NOMA: Lynda Benglis’ “Wing” foreshadowed “The Wave of the World”

On the occasion of the acquisition of Lynda Benglis’ Wing, New Orleans Museum of Art Curator of Modern and Contemporary Art Katie Pfohl shared the following thoughts on the sculpture’s connection to Benglis’ The Wave of the World just outside the museum’s doors for an informational card that can be found at NOMA:

Lynda Benglis’ art is simultaneously subtle and imposing; subdued and sensual; earthy and surreal. In the 1960s, the Louisiana native shocked the New York art world with her electric-hued sculptures and art installations, whose vibrant colors and free-form compositions ran counter to the more austere minimalist aesthetic of much art of the time. Benglis created these works, which she called “fallen paintings,” by dripping and pouring industrial materials like latex and polyurethane directly on gallery floors or upon armatures installed on museum walls. Wing, a large scale aluminum sculpture cast from one of these poured pieces, extends dramatically out from the wall to enter into the space of the viewer, engaging the body and all of the senses to explore, as Benglis says, “the way we experience the world through the body.”

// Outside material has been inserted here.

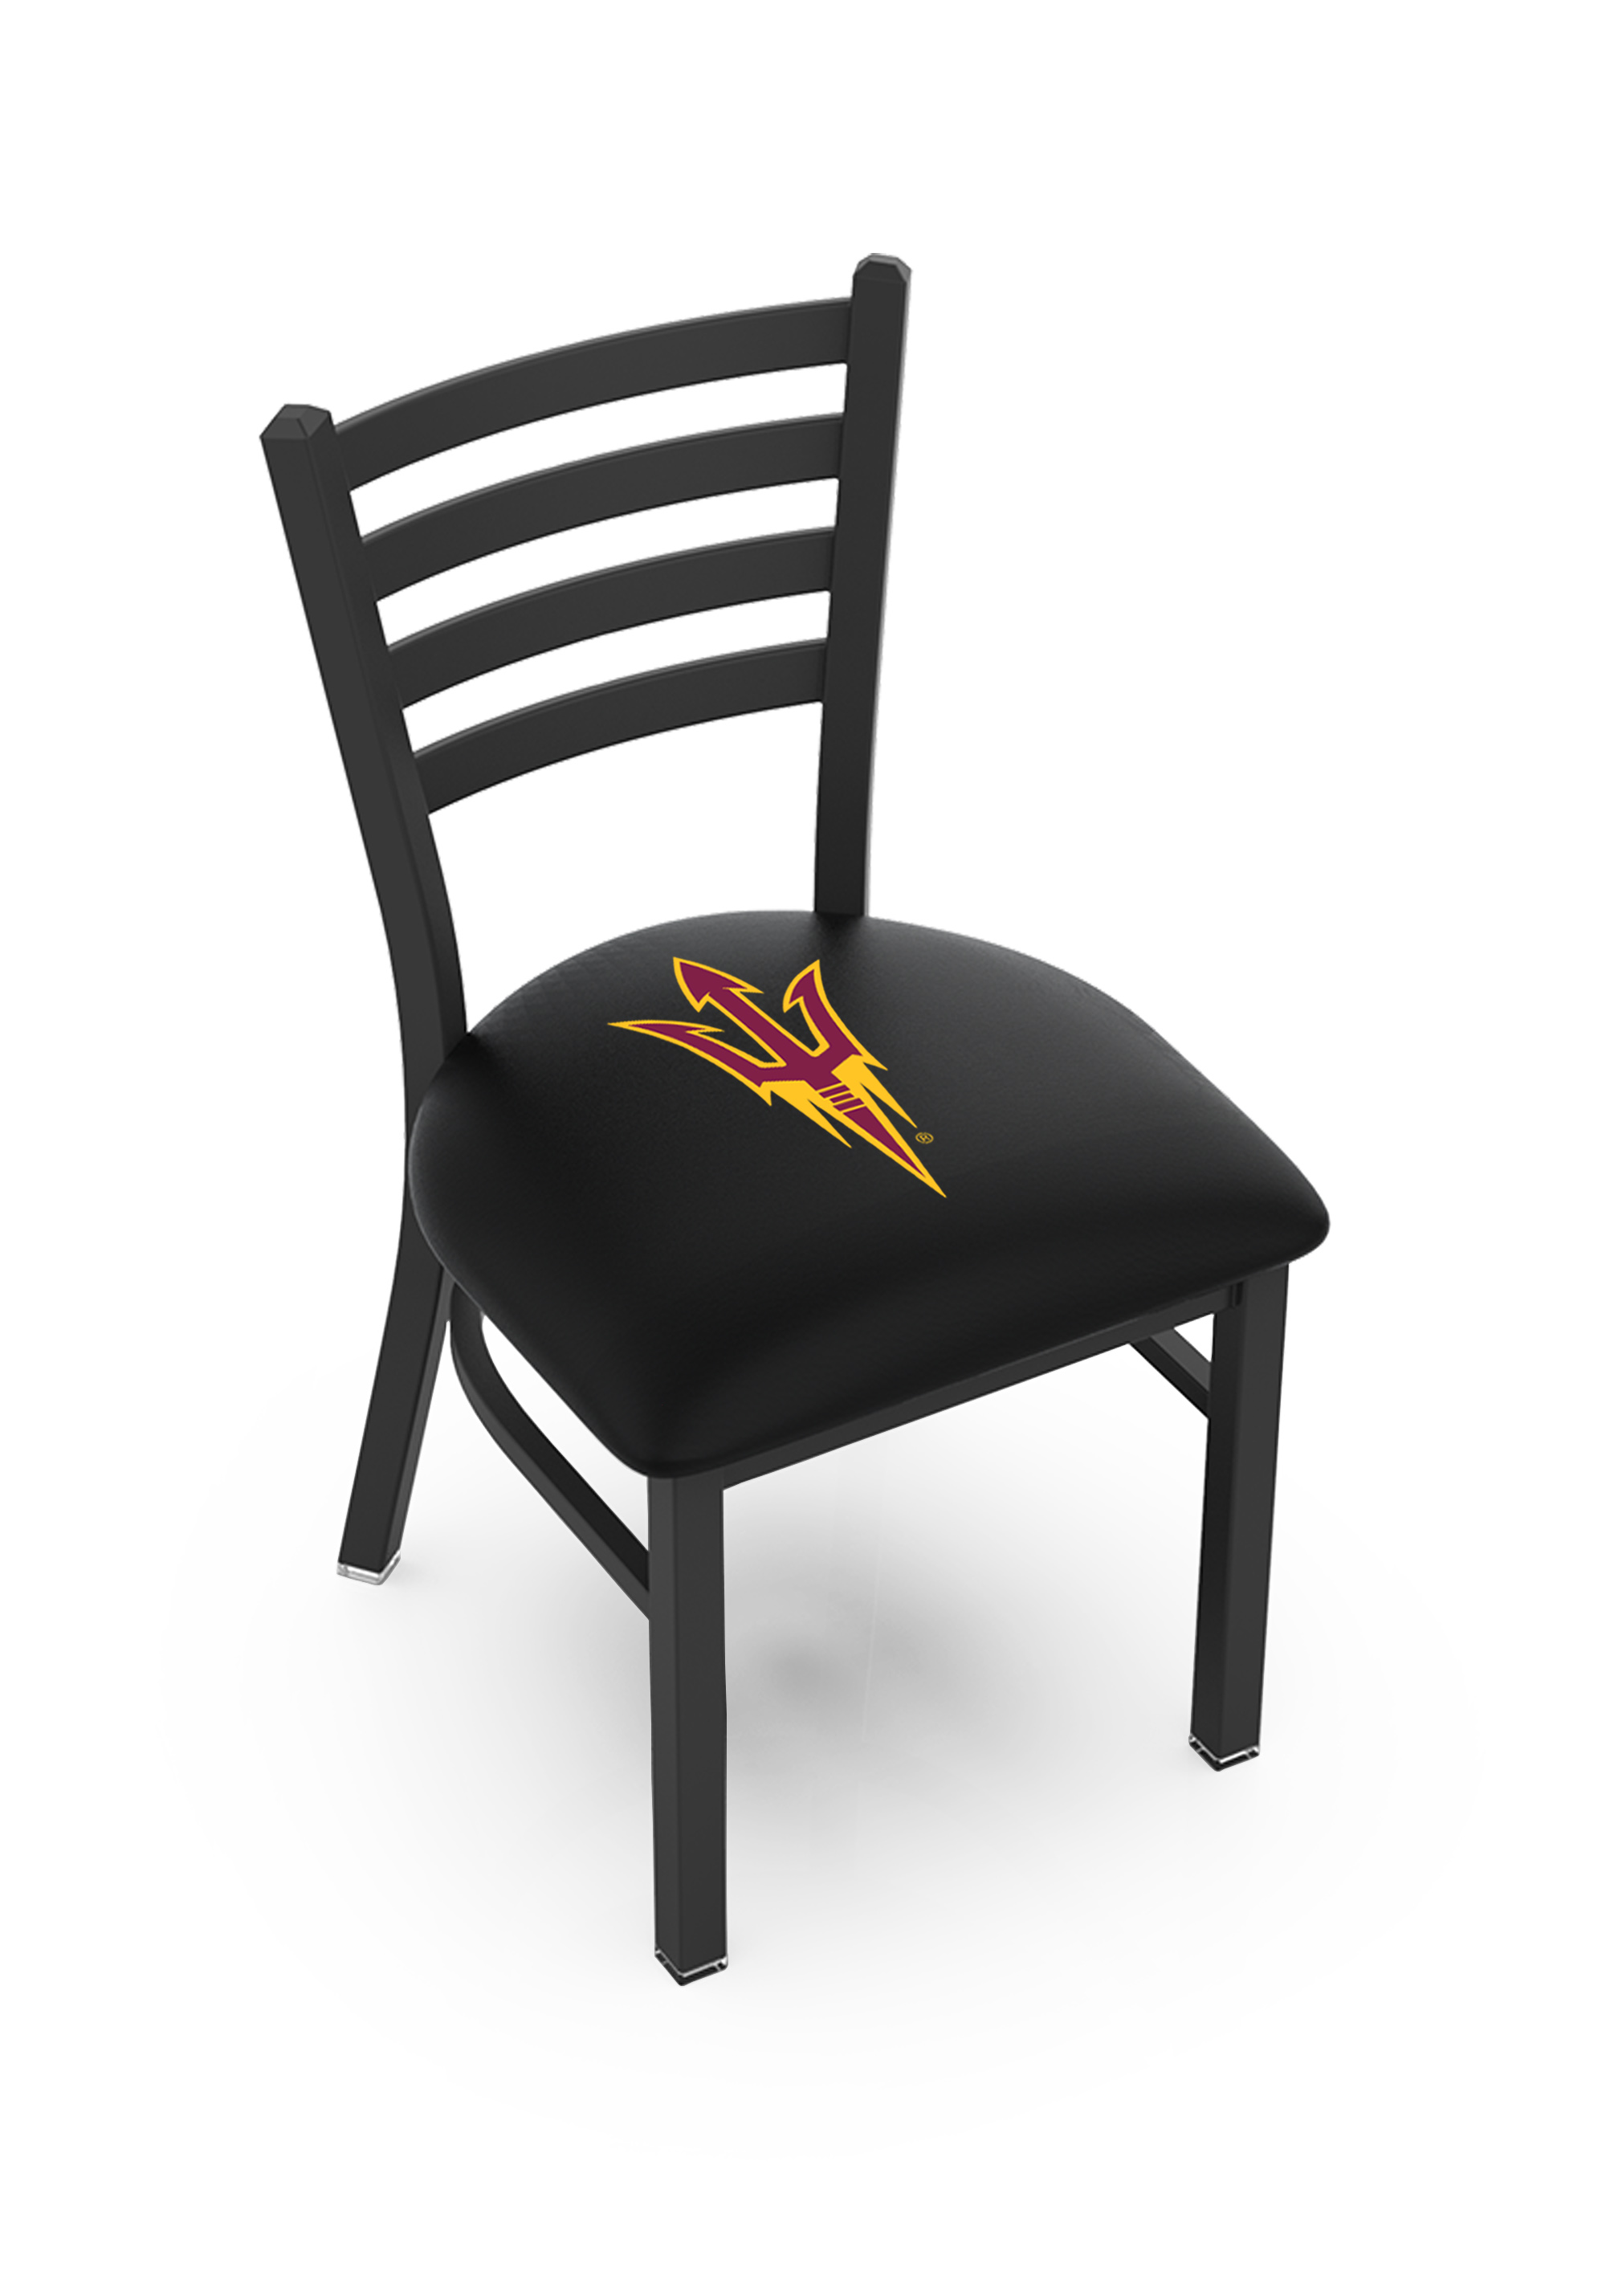 Picture of Holland Bar Stool L00418ArizSt-F 18 in. Arizona State Chair with Sun Devils Pitchfork Logo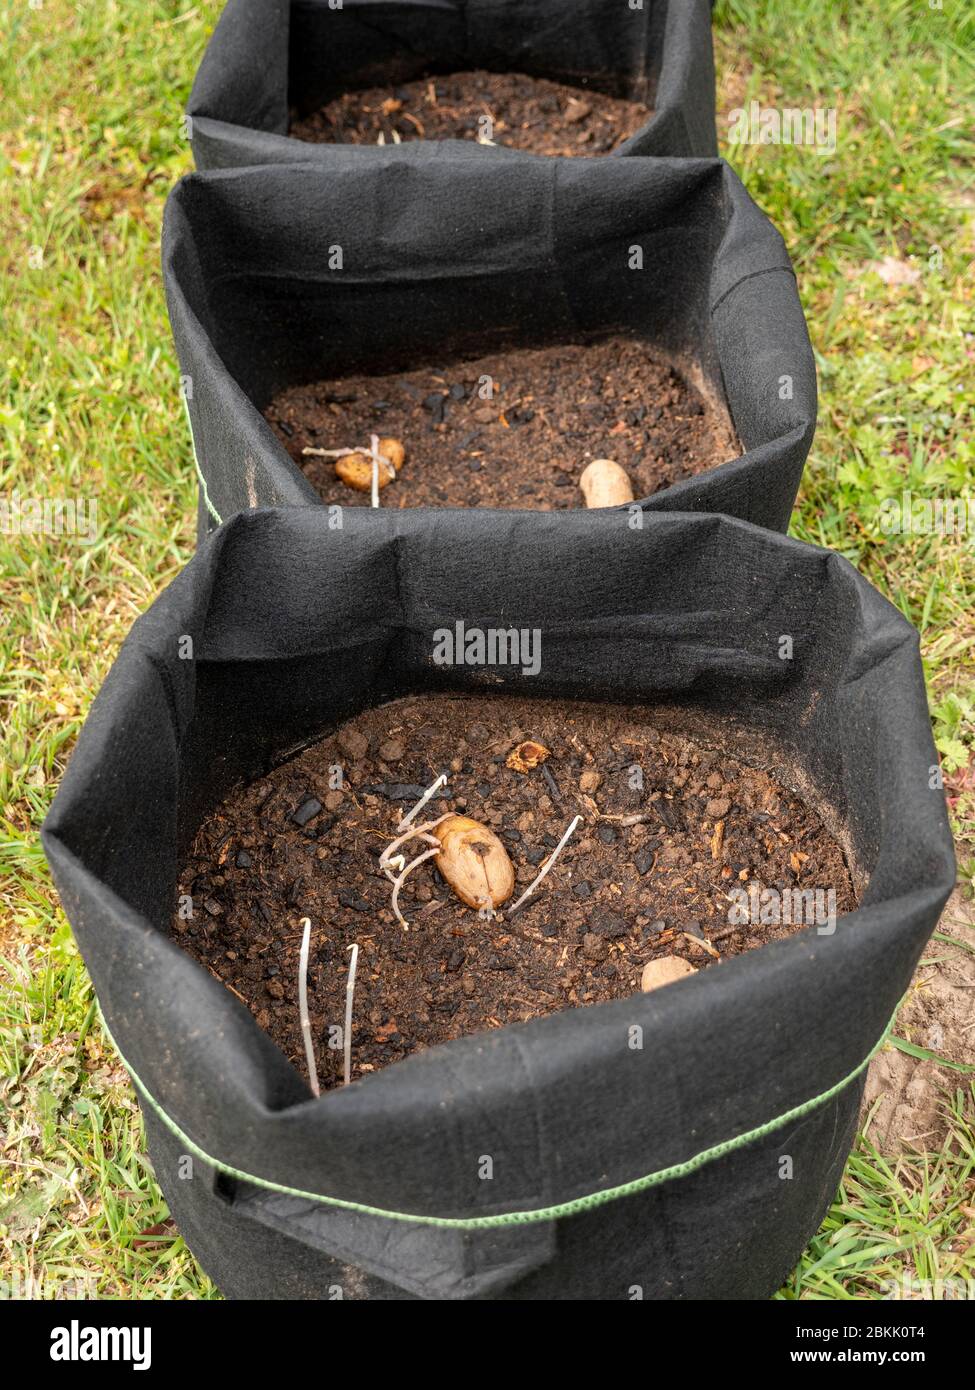 Potatoes planted in a grow bag Stock Photo

Calling forth natural phenomena like erupting volcanoes and crashing waves, Wing foreshadowed a number of cantilevered outdoor fountains Benglis began creating in the 1980s. The first of these, The Wave of the World, was commissioned for the 1984 Louisiana World Exposition in New Orleans. Through the generosity of The Helis Foundation, these works are now on simultaneous view for the first time, Wing in NOMA’s galleries, and The Wave of the World adjacent to the Big Lake in City Park.